• Task item
Please repeat, exactly and without pictures, the lines of the entries below that run from the one containing "Découverte d'un nid" through the one containing "Creative-Print-Shop-FHD".
Source information below:
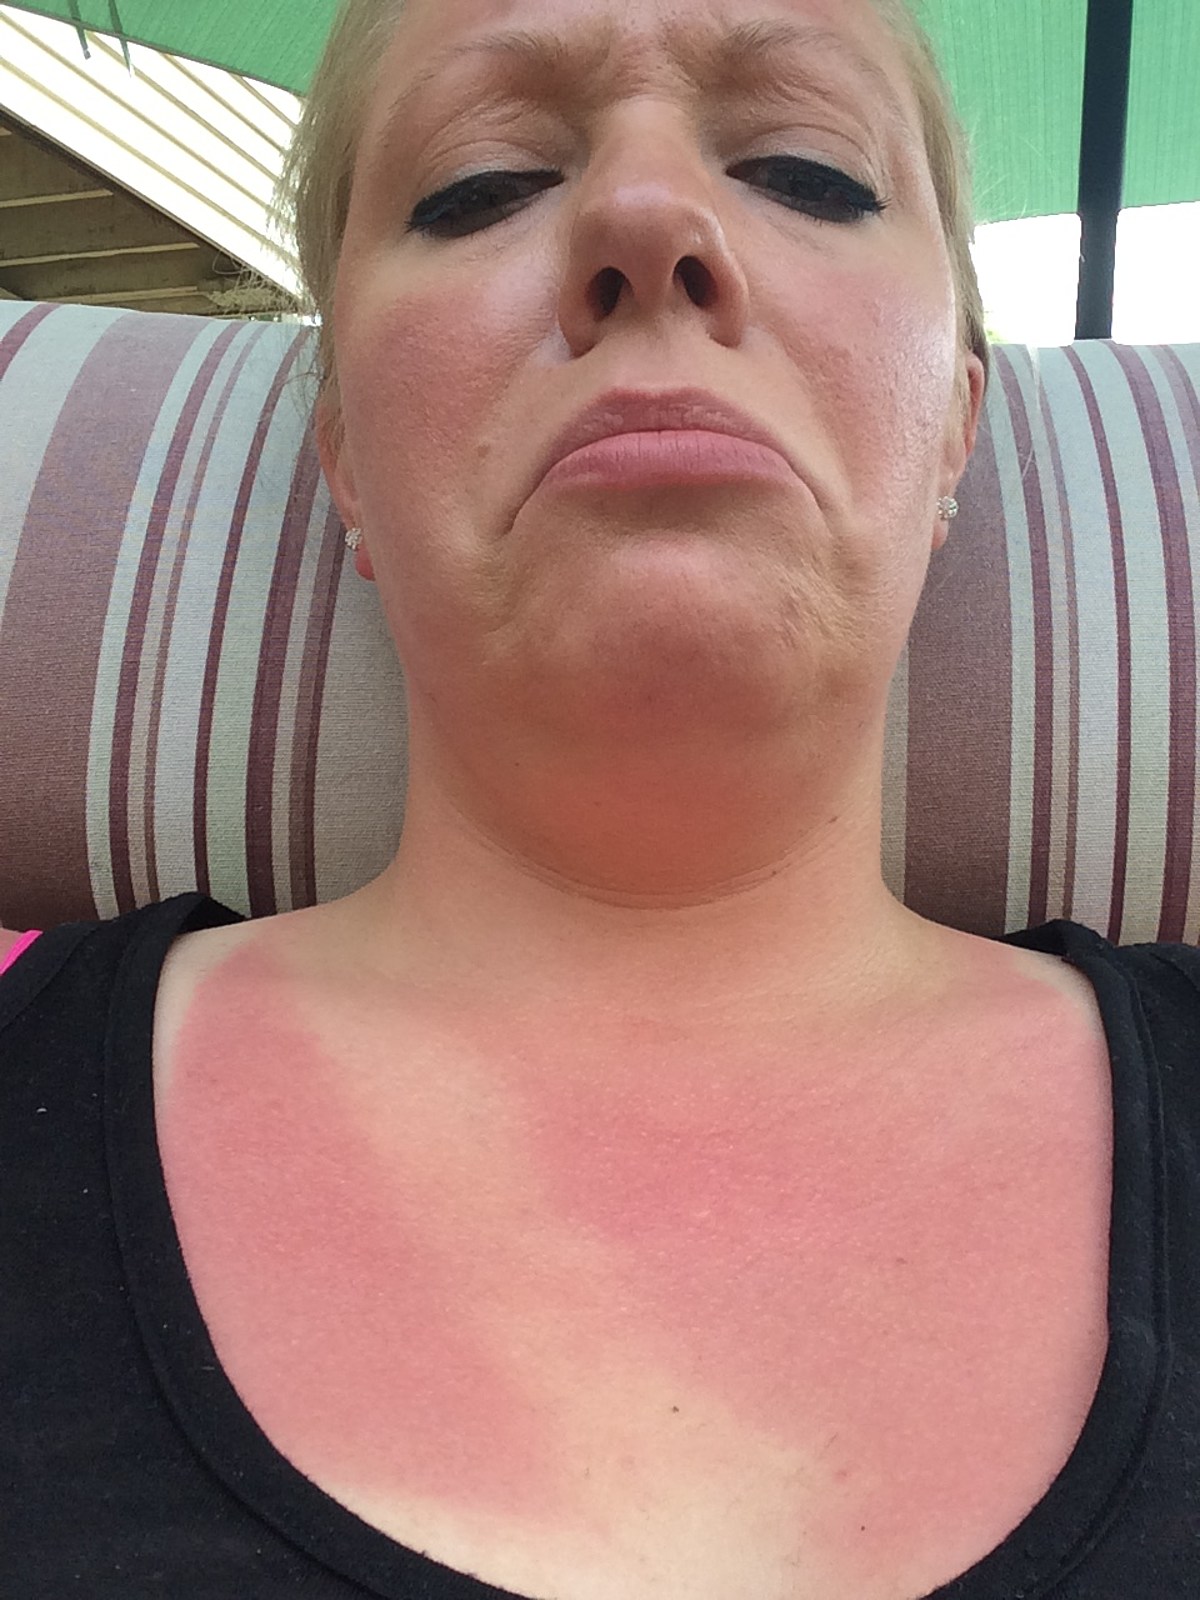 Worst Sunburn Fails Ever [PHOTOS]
End of Source information.
Source information below:
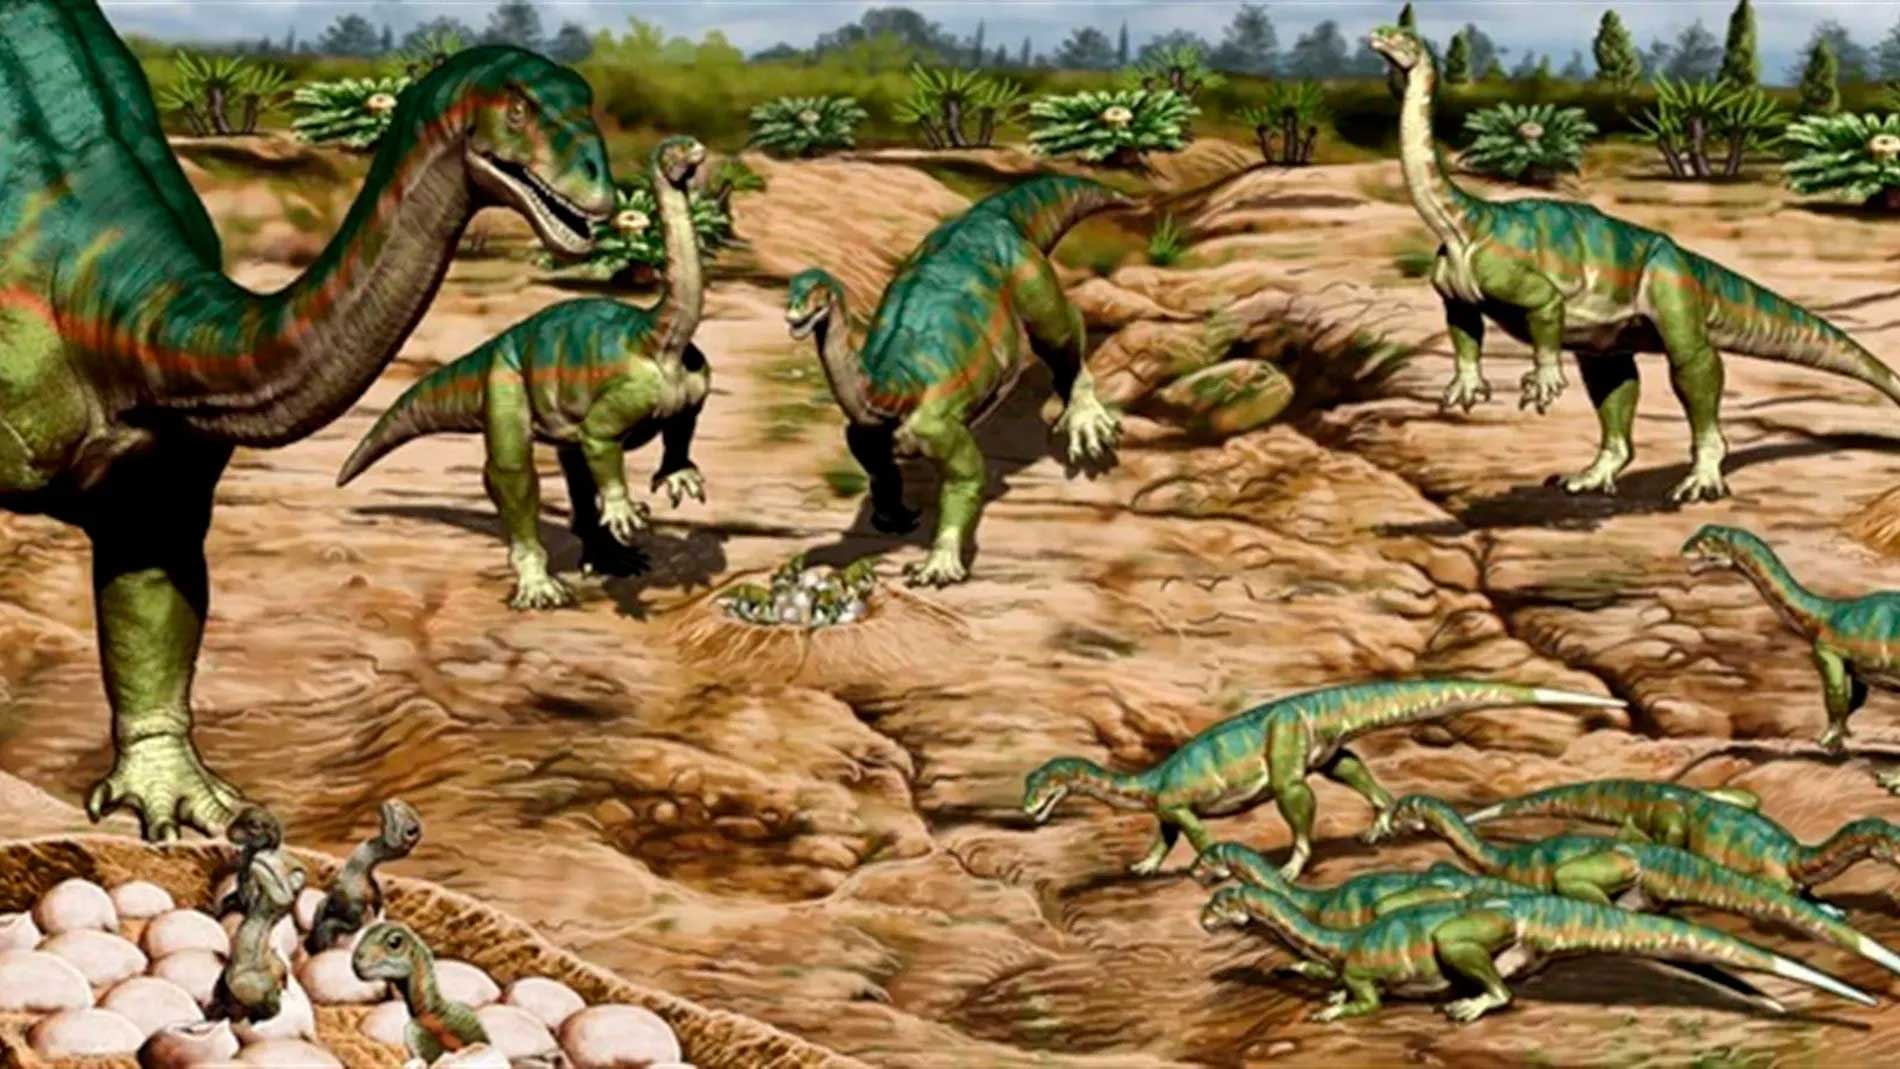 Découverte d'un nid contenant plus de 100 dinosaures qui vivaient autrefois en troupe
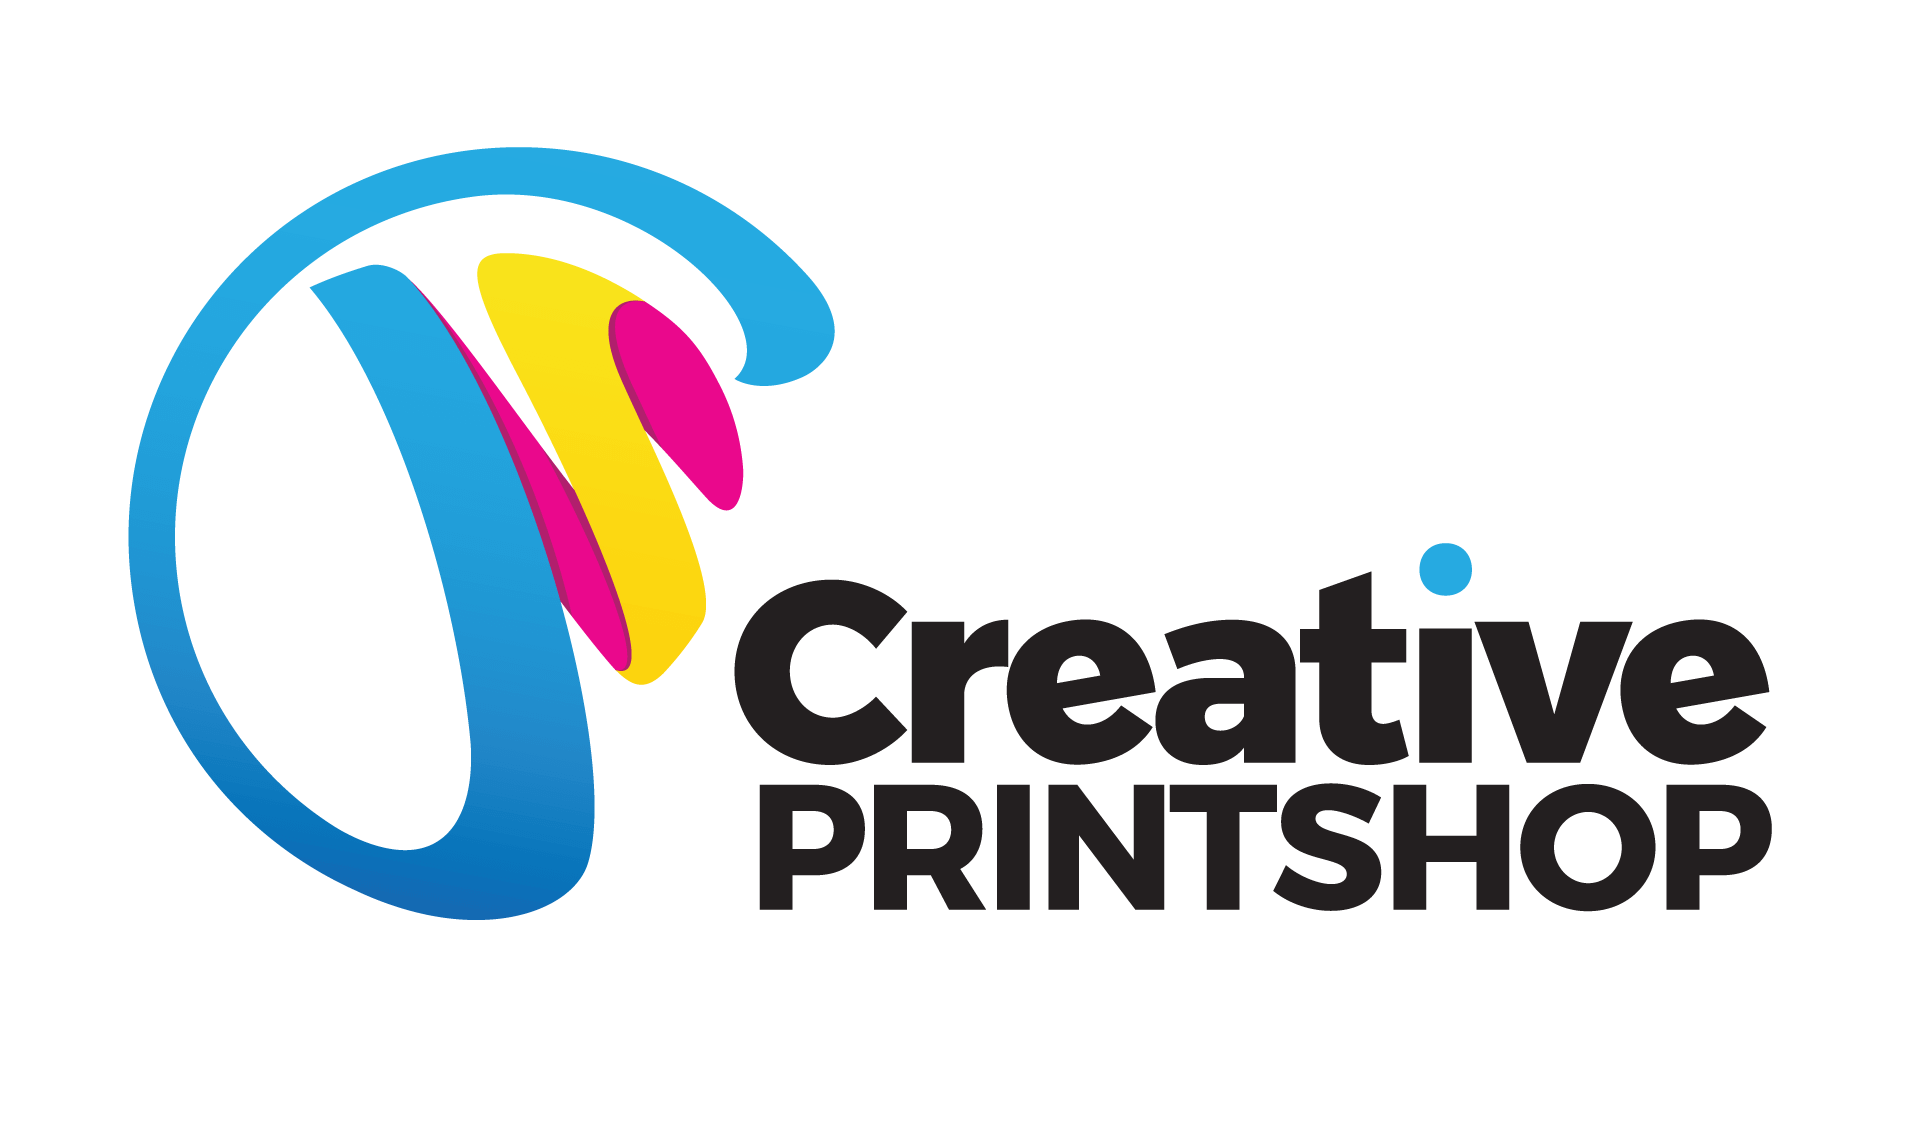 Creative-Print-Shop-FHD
End of Source information.
Source information below:
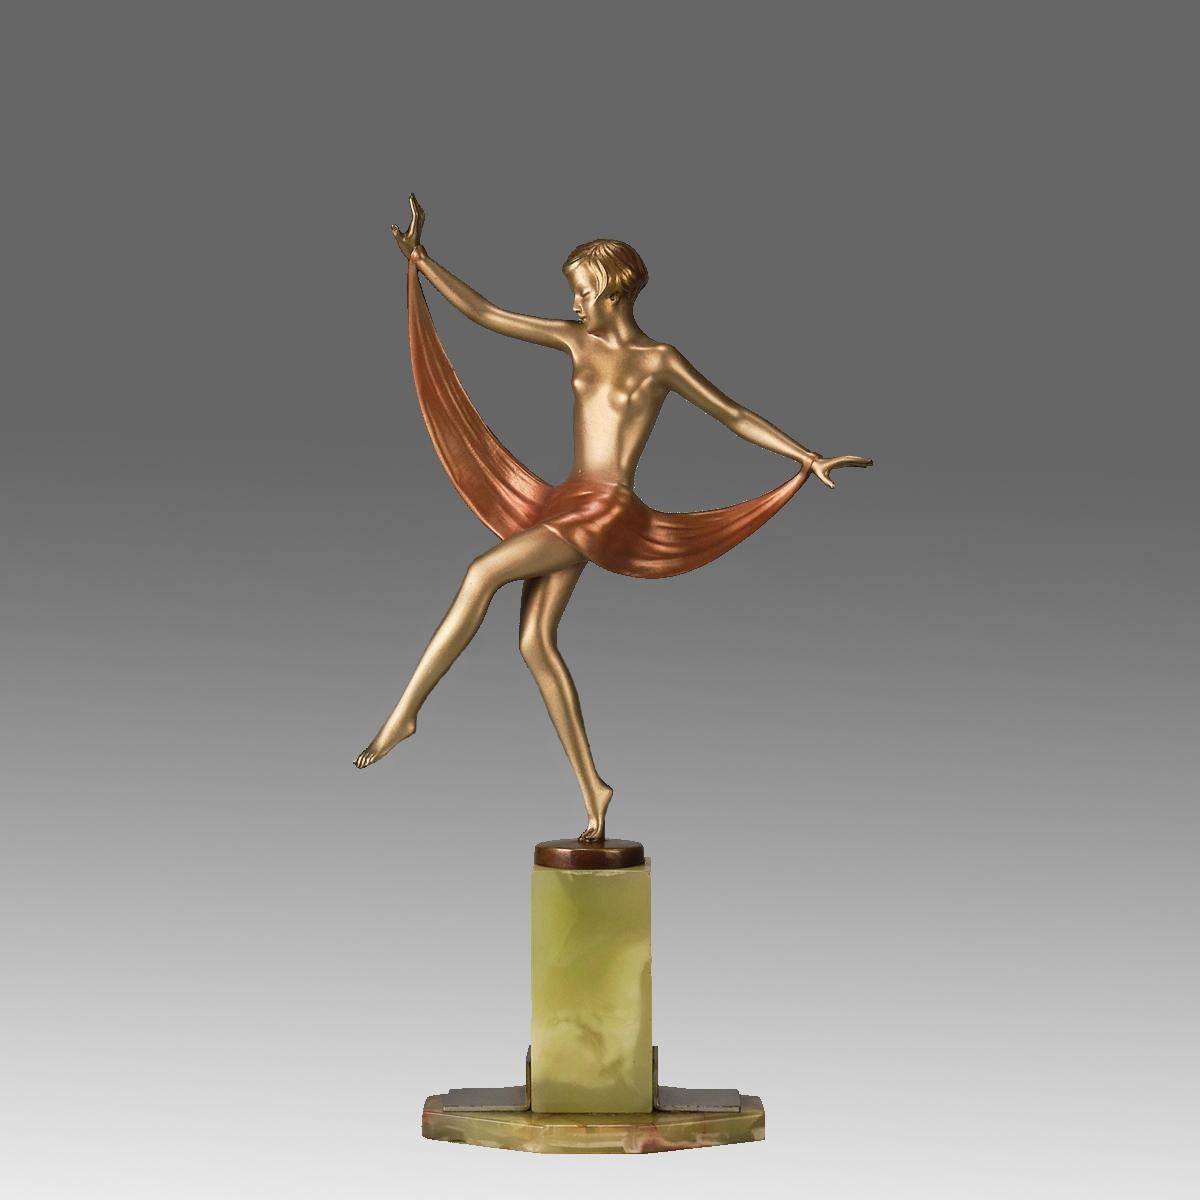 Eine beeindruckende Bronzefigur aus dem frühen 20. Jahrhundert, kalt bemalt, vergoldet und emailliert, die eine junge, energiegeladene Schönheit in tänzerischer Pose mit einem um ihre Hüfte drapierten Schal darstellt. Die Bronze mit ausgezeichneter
End of Source information.
• Exercise answer
 Découverte d'un nid contenant plus de 100 dinosaures qui vivaient autrefois en troupe
 Creative-Print-Shop-FHD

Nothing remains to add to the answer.